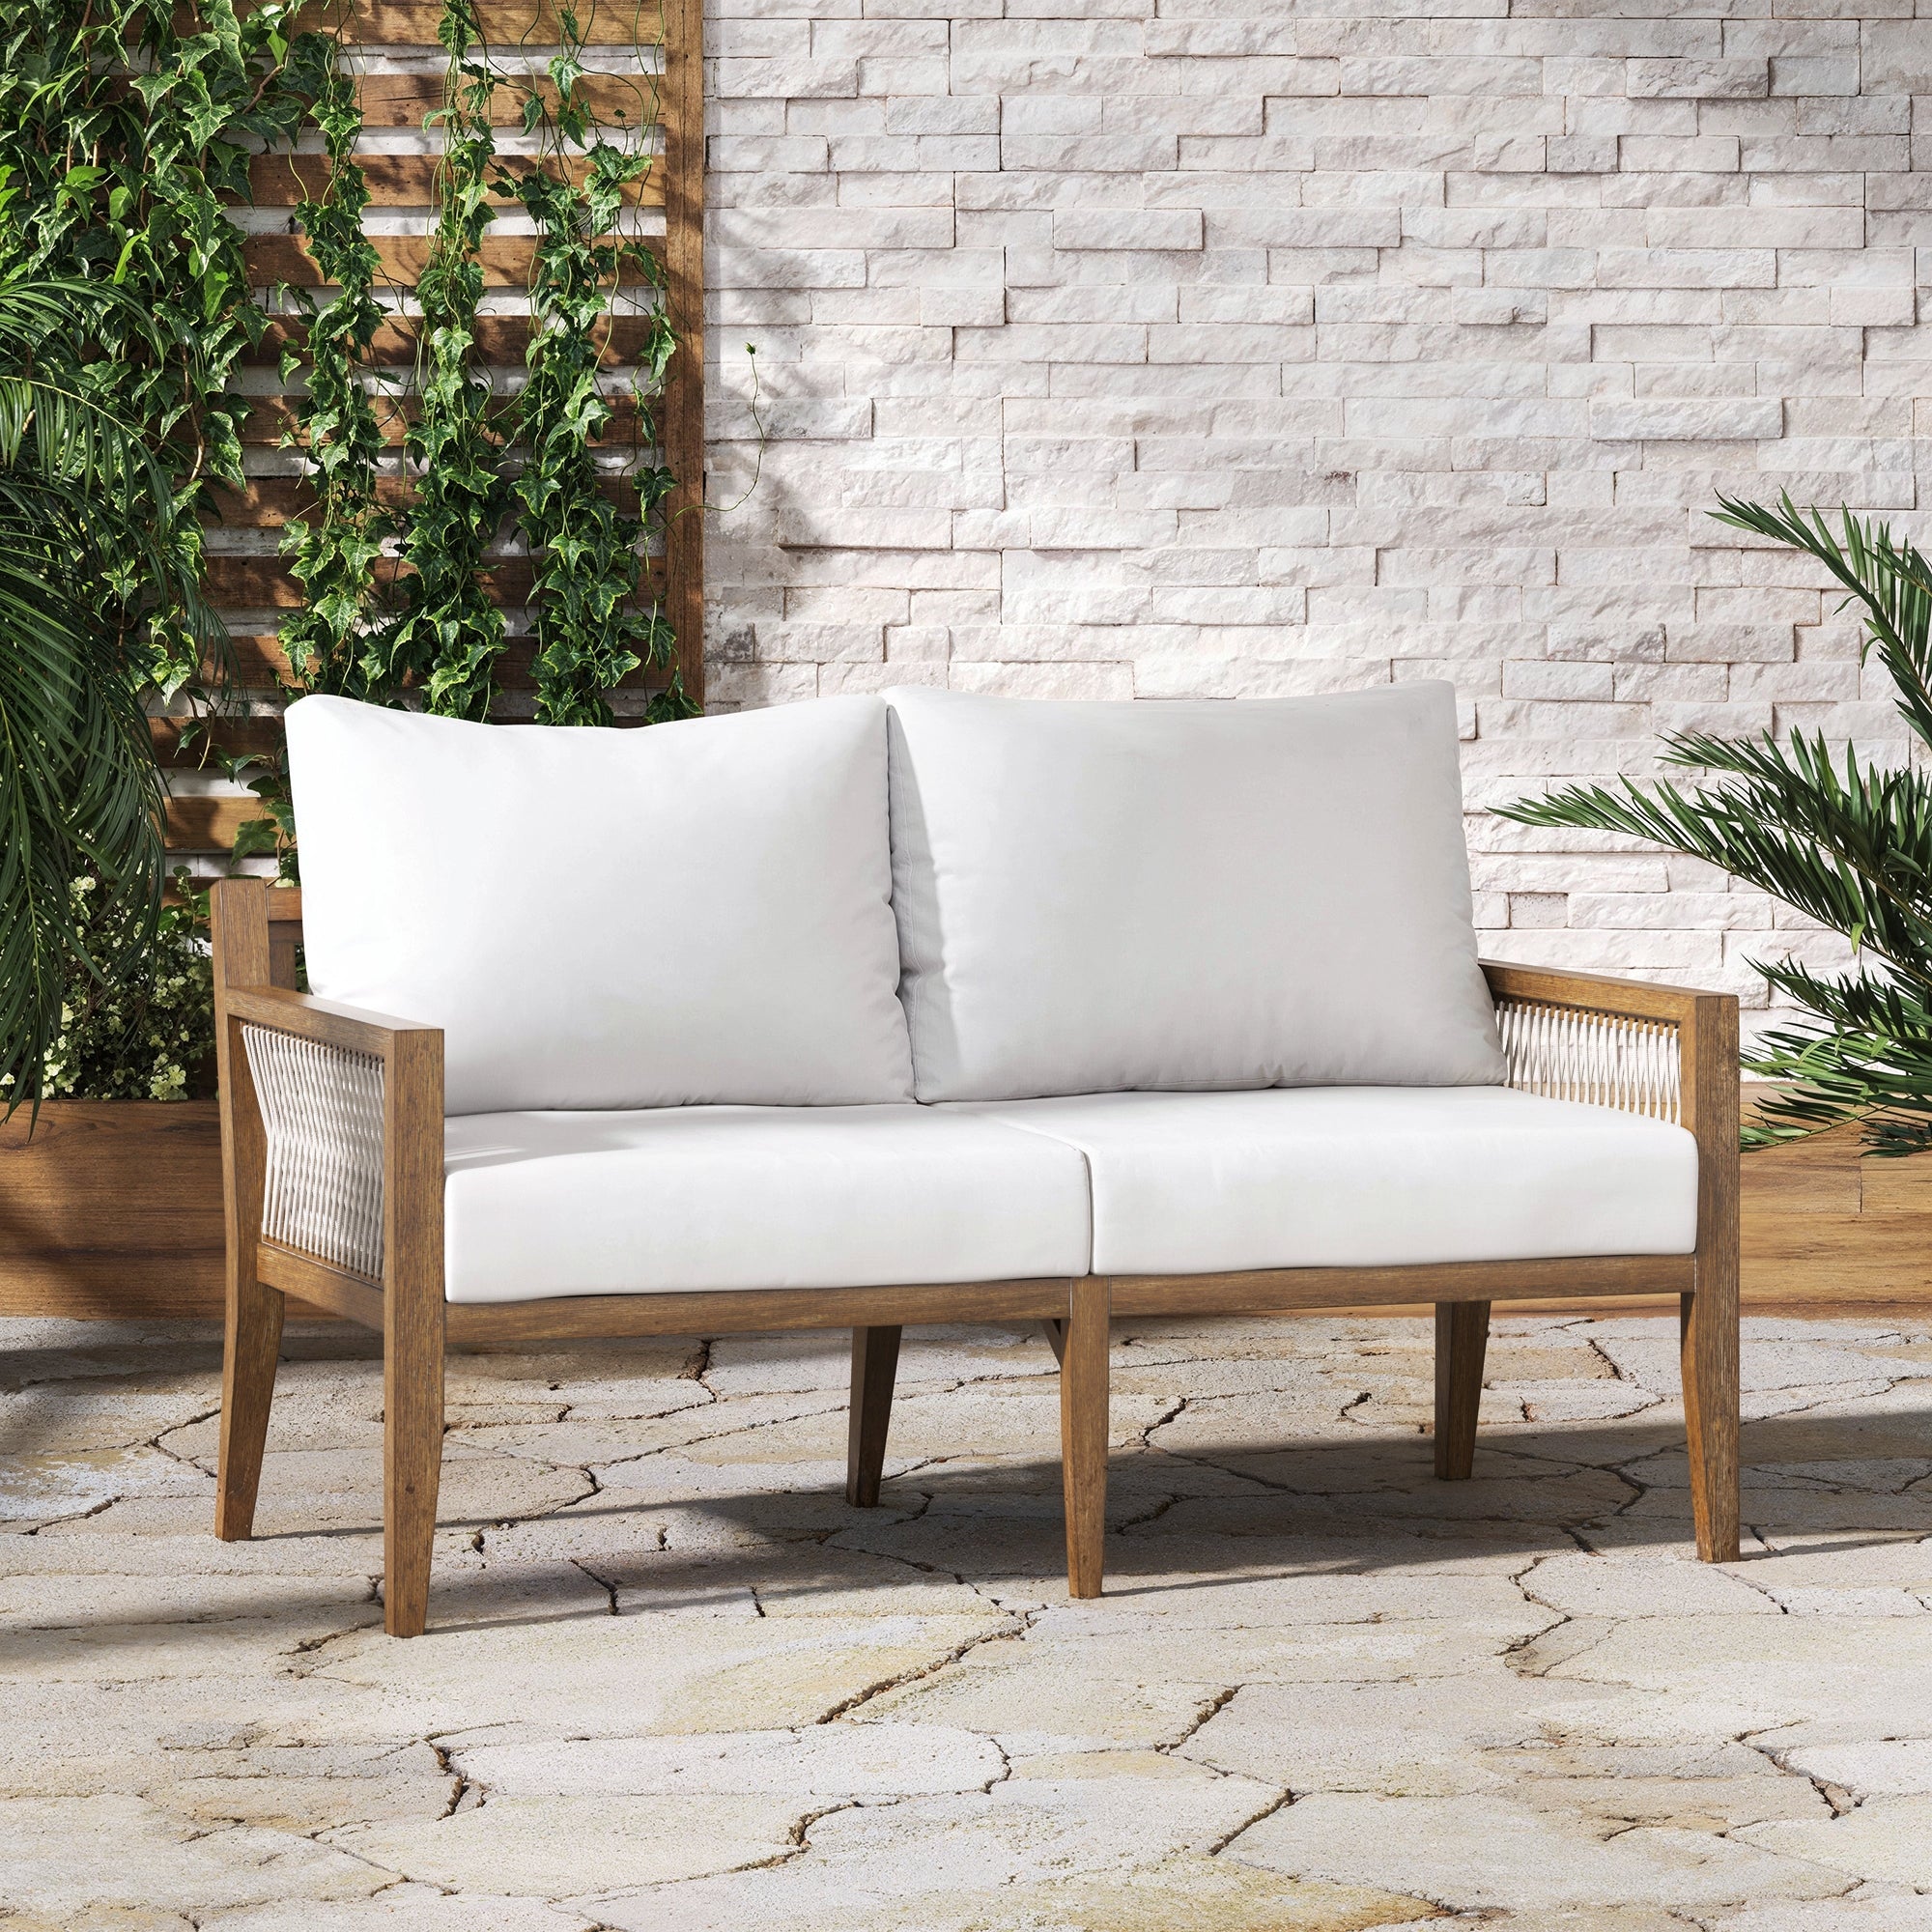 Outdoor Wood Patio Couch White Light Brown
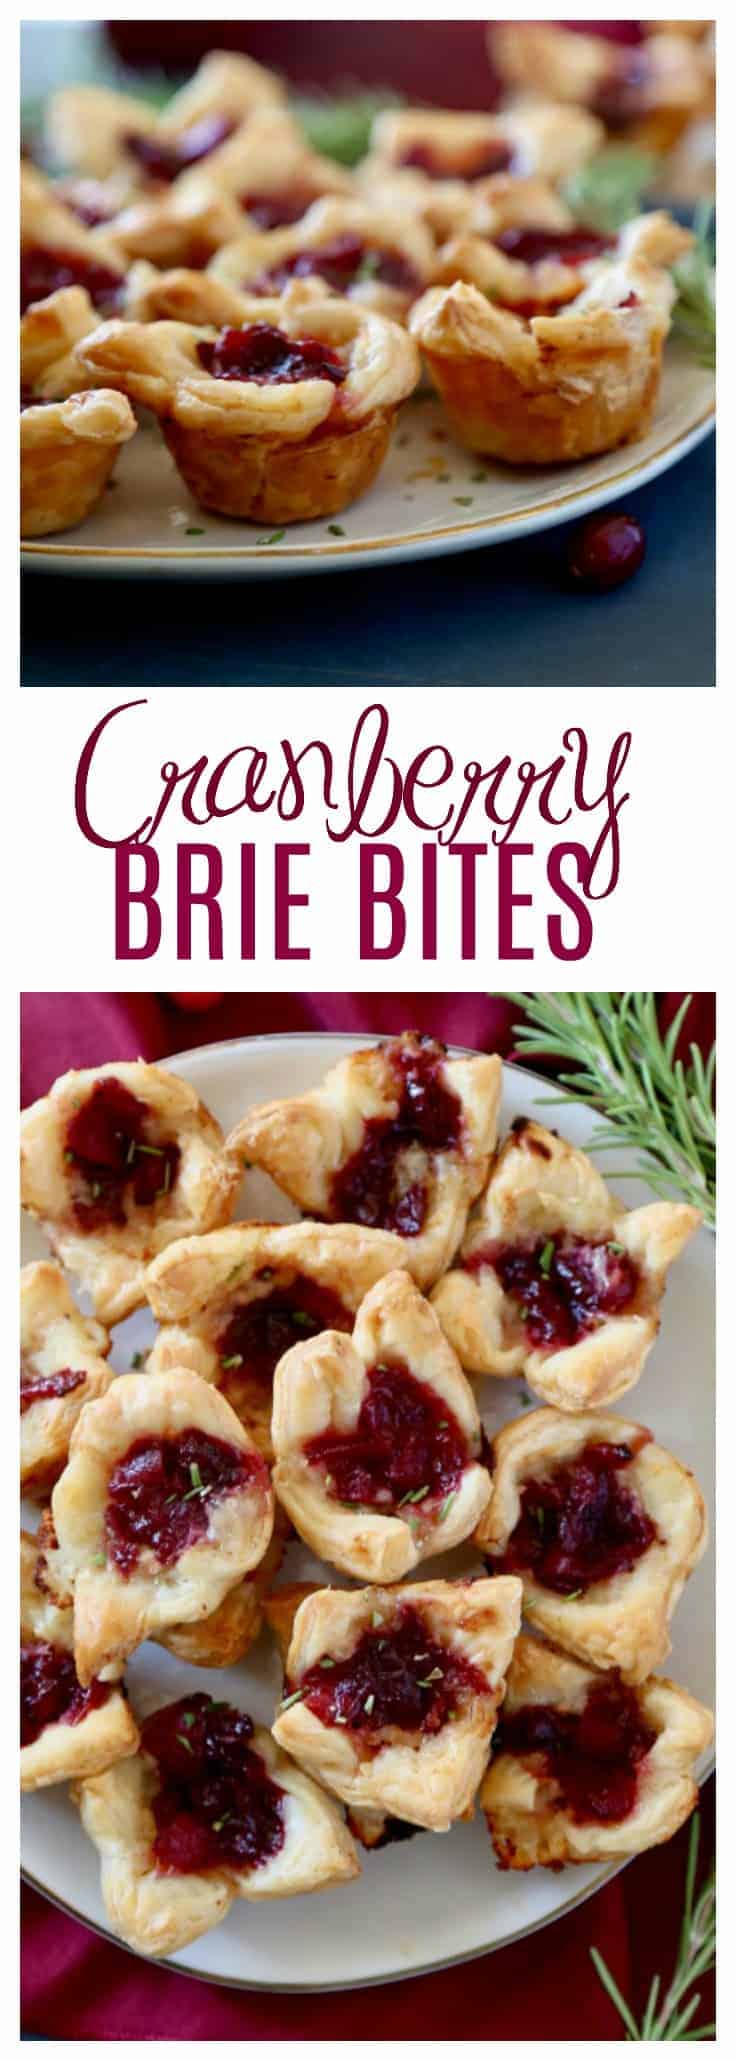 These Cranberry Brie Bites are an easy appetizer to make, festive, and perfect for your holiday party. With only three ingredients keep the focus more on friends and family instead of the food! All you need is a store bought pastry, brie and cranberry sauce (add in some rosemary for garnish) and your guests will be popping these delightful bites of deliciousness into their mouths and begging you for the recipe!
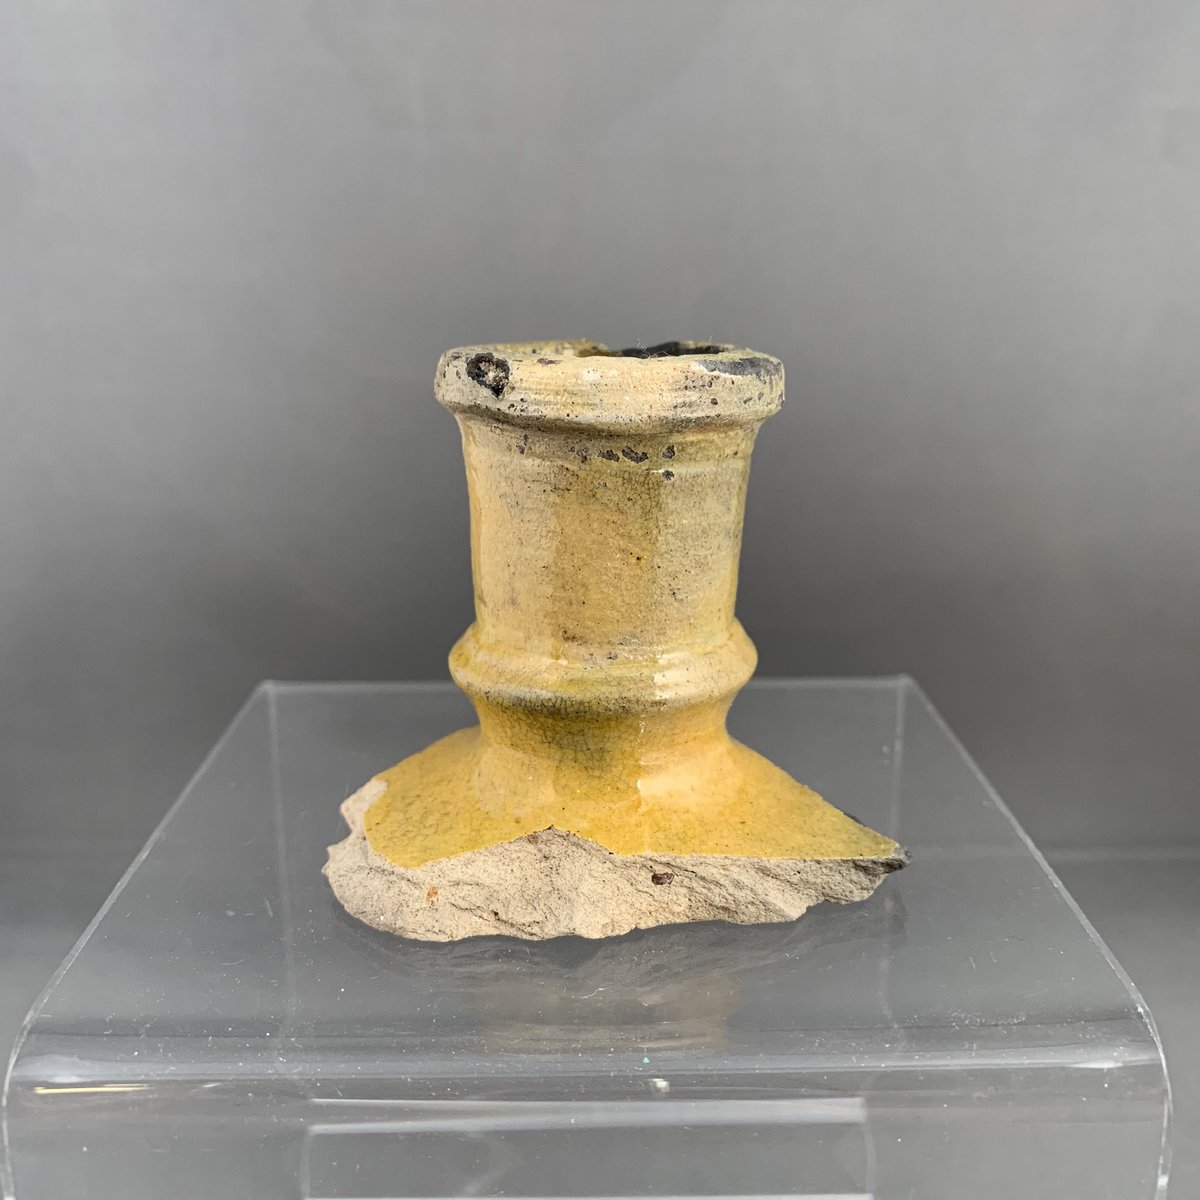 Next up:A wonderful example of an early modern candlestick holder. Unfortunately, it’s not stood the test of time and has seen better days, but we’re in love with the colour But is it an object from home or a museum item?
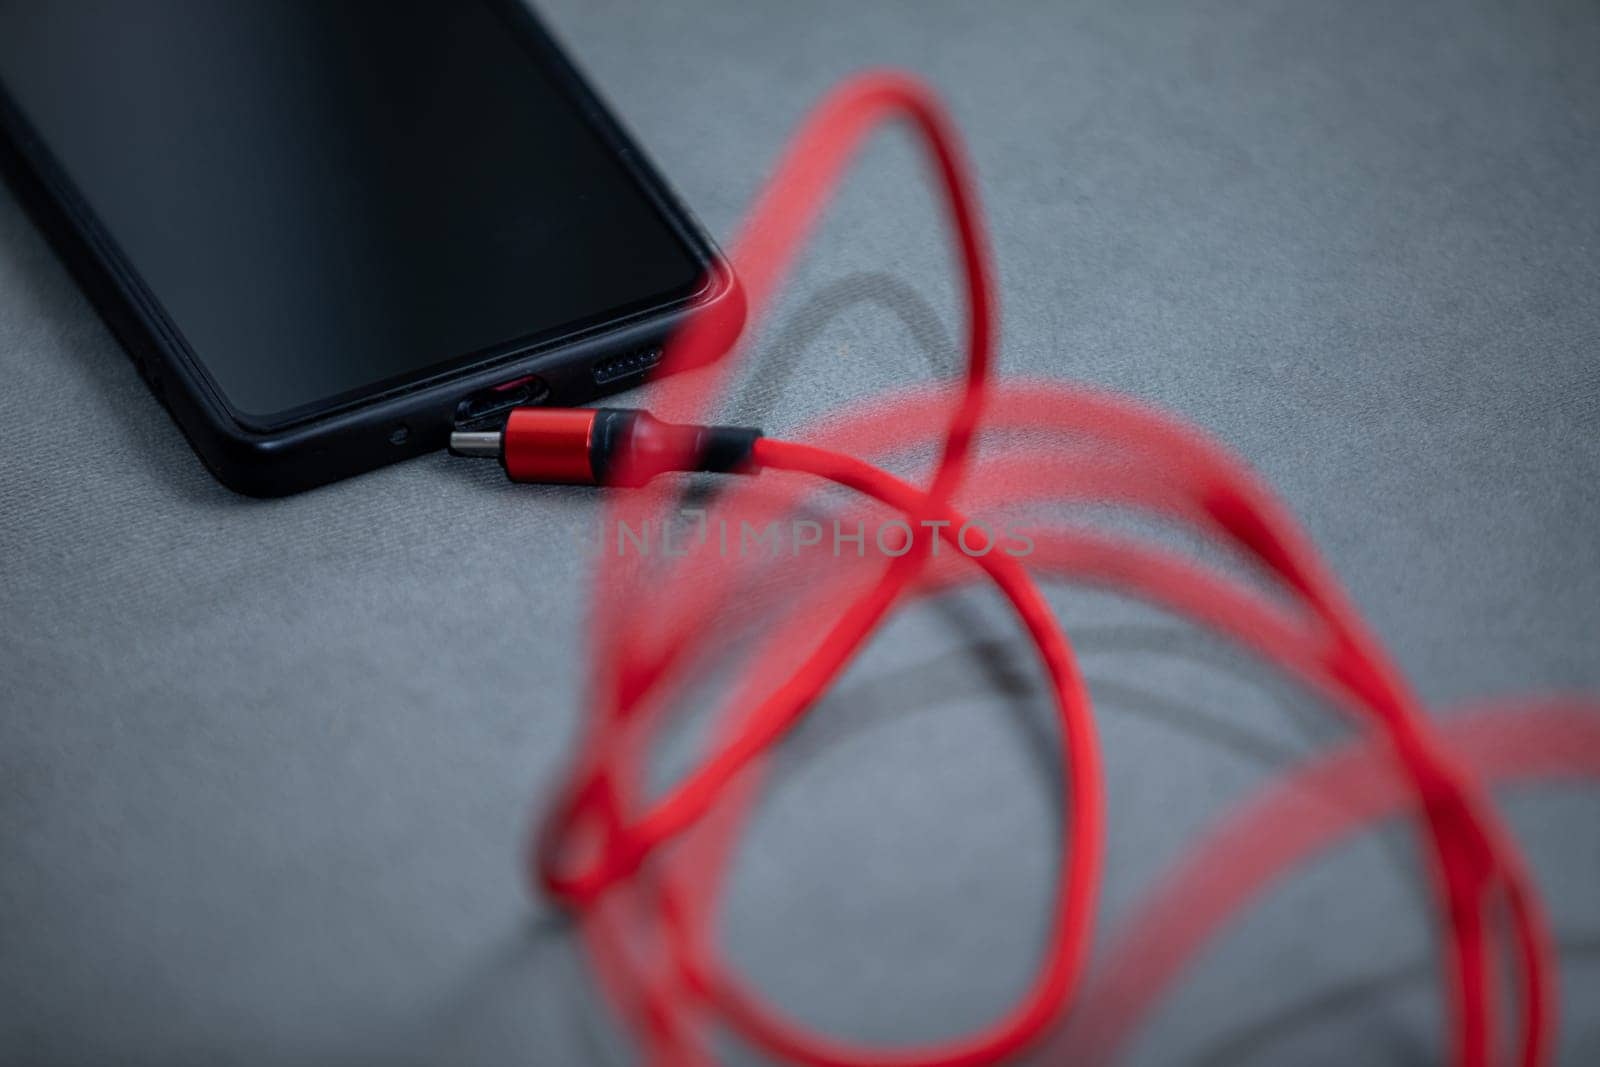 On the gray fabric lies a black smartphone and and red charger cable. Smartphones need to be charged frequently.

****************

YOUR INSTRUCTIONS: Retype the whole listing above exactly as written. Skip the pictures.

RESPONSE TO THE EXERCISE:
 Outdoor Wood Patio Couch White Light Brown
 These Cranberry Brie Bites are an easy appetizer to make, festive, and perfect for your holiday party. With only three ingredients keep the focus more on friends and family instead of the food! All you need is a store bought pastry, brie and cranberry sauce (add in some rosemary for garnish) and your guests will be popping these delightful bites of deliciousness into their mouths and begging you for the recipe!
 Next up:A wonderful example of an early modern candlestick holder. Unfortunately, it’s not stood the test of time and has seen better days, but we’re in love with the colour But is it an object from home or a museum item?
 On the gray fabric lies a black smartphone and and red charger cable. Smartphones need to be charged frequently.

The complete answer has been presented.